How to Set Up pg_stat_statements: The Complete Guide

If you want to understand what's happening inside your PostgreSQL database, pg_stat_statements is the single most important extension you can enable. It tracks execution statistics for every SQL statement your database processes: how often each query runs, how long it takes, how much data it reads, and whether it's hitting the cache or going to disk.

Most PostgreSQL monitoring tools, including Basira, are built on top of pg_stat_statements. Understanding how it works gives you a better mental model of what your monitoring tool is actually showing you.

What pg_stat_statements Does

pg_stat_statements is a PostgreSQL extension that records cumulative execution statistics for all SQL statements.
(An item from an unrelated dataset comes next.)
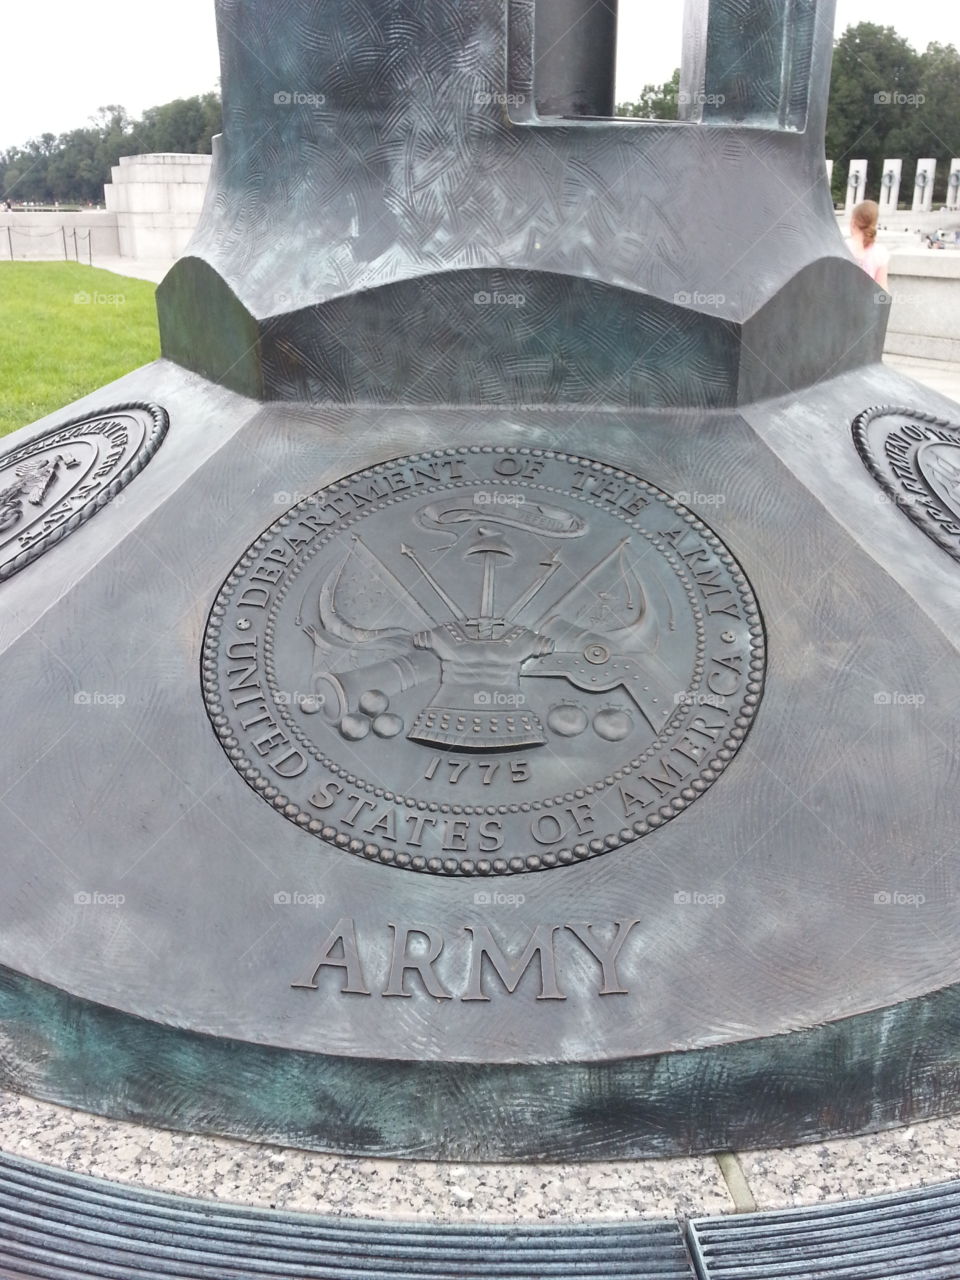 Army monumental

It normalizes queries by replacing literal values with parameter placeholders, so SELECT * FROM users WHERE id = 42 and SELECT * FROM users WHERE id = 99 are tracked as the same query: SELECT * FROM users WHERE id = $1.

This normalization is what makes it useful. Instead of seeing millions of individual query executions, you see patterns: 50 unique query shapes, each with aggregate statistics showing total execution time, call count, rows returned, and buffer usage.
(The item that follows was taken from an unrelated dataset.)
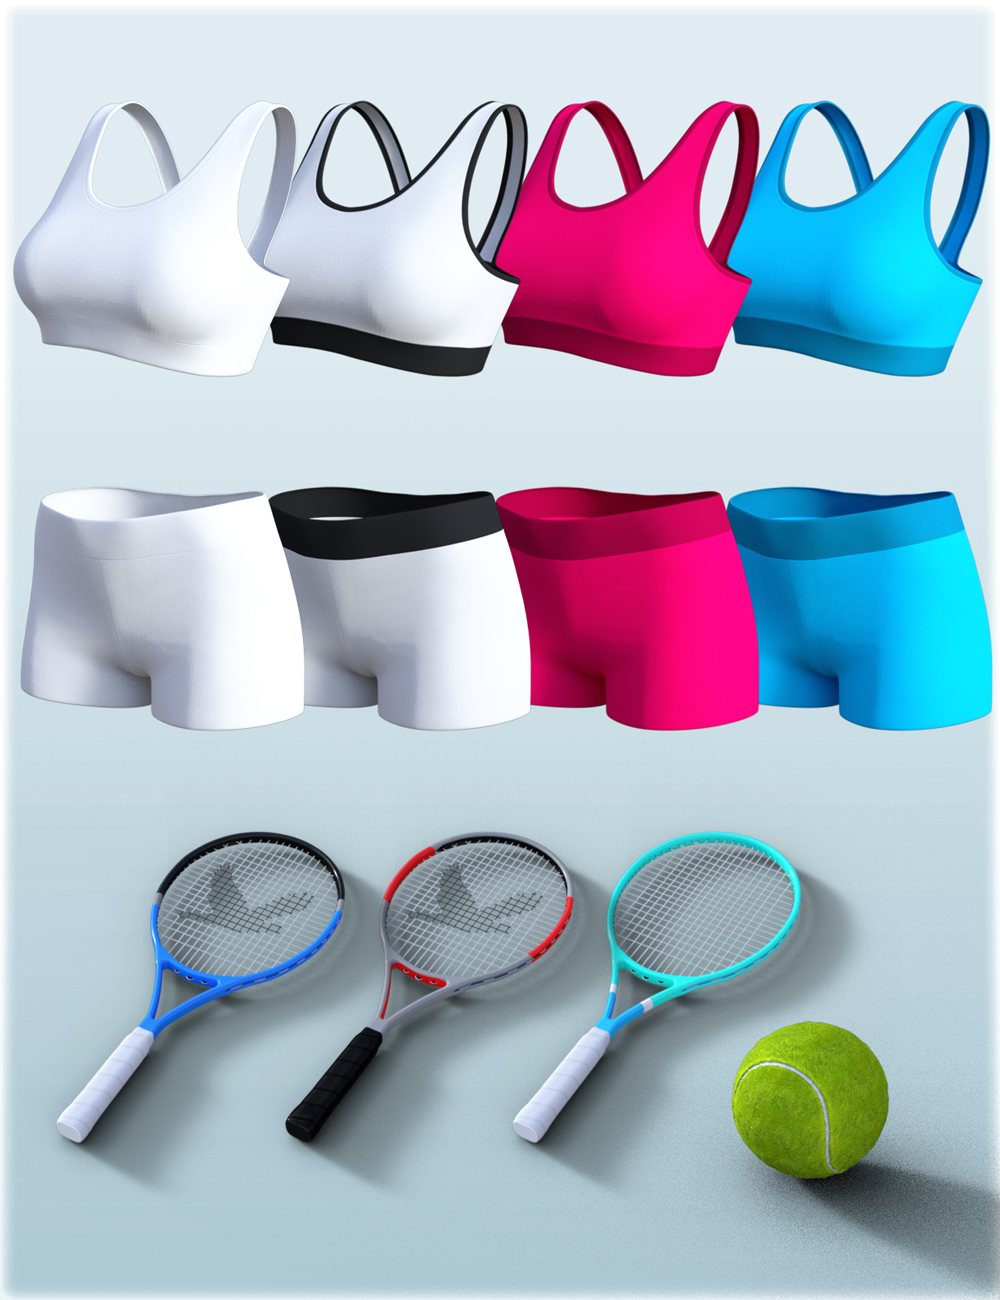 H&C Tennis Wear Set for Genesis 3 Female(s) by: IH Kang, 3D Models by Daz 3D

The extension has been included in PostgreSQL's contrib modules since version 8.4, and it's available on every major managed PostgreSQL service: AWS RDS, Google Cloud SQL, Azure Database for PostgreSQL, and Supabase. You don't need to install anything extra. You just need to enable it.

Enabling pg_stat_statements

Step 1: Add to shared_preload_libraries

pg_stat_statements must be loaded at server startup. Add it to shared_preload_libraries in your postgresql.conf:

shared_preload_libraries = 'pg_stat_statements'

This requires a PostgreSQL restart. There's no way around this. On managed services like RDS, you modify the parameter group and reboot the instance.
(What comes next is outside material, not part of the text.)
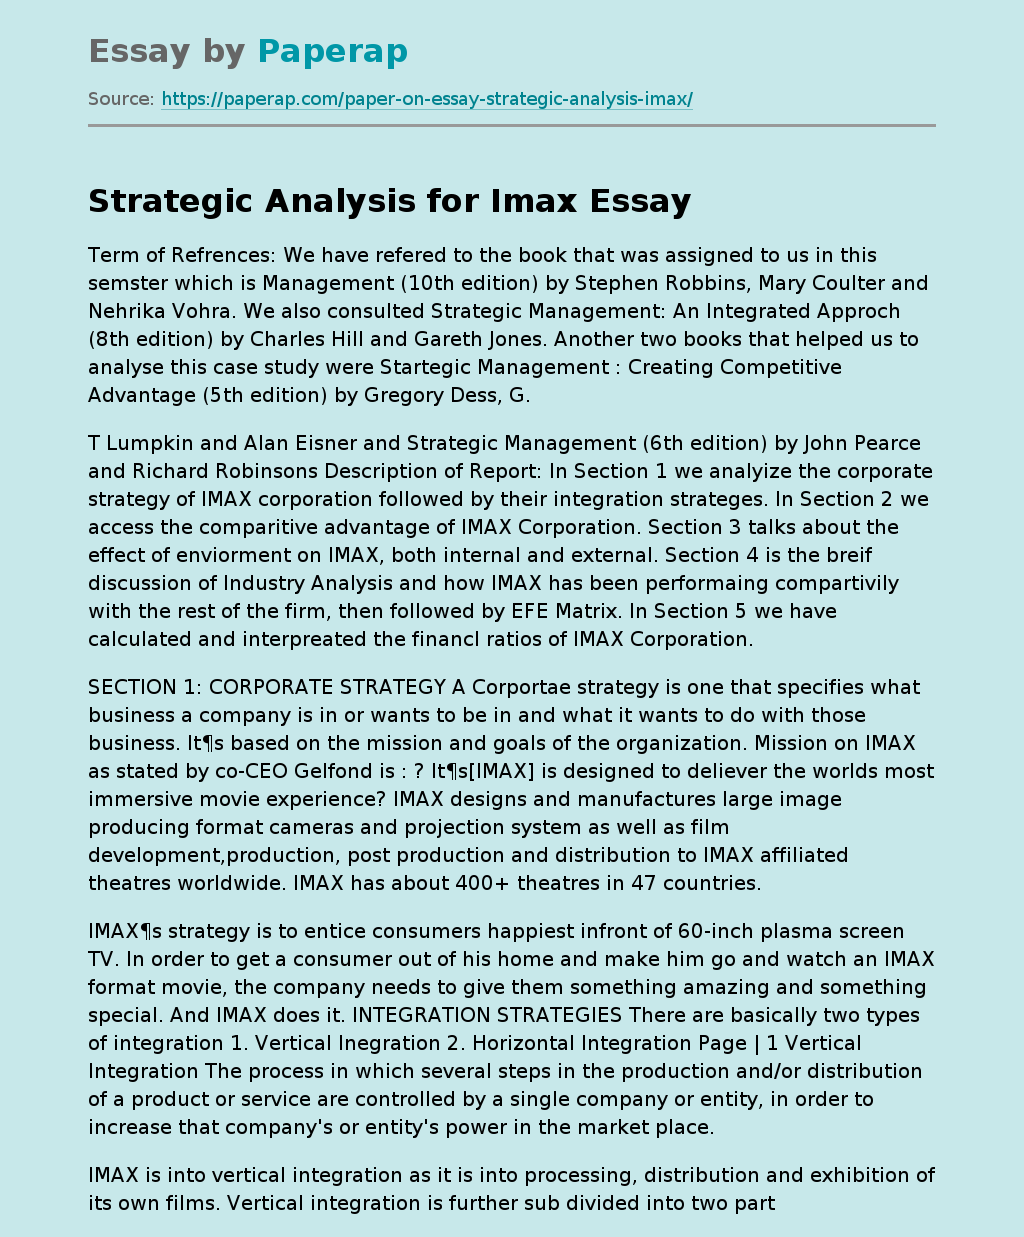 Strategic Analysis for Imax

Step 2: Create the Extension

After restarting, connect to your database and create the extension:

CREATE EXTENSION IF NOT EXISTS pg_stat_statements;

You need to do this in each database you want to monitor. The extension tracks queries per-database, so if you have a myapp database and an analytics database, you need to create the extension in both.

Step 3: Verify It's Working

Run a few queries, then check:

SELECT count(*) FROM pg_stat_statements;

If this returns rows, you're good. If it returns zero, verify the extension was loaded correctly with:

SHOW shared_preload_libraries;

Configuration Parameters

pg_stat_statements has several configuration parameters that control its behavior. These go in postgresql.conf and require a restart to change (except pg_stat_statements.track, which can be changed with a reload).

pg_stat_statements.max (default: 5000)

The maximum number of distinct query statements tracked. When this limit is reached, the least-executed statements are evicted to make room for new ones. For most production databases, the default of 5,000 is sufficient. If you have a highly dynamic workload with thousands of unique query shapes (common in ORMs that generate lots of ad-hoc queries), increase this to 10,000 or 20,000.

The memory cost is roughly 500 bytes per entry, so 10,000 entries use about 5MB of shared memory. This is negligible on any production server.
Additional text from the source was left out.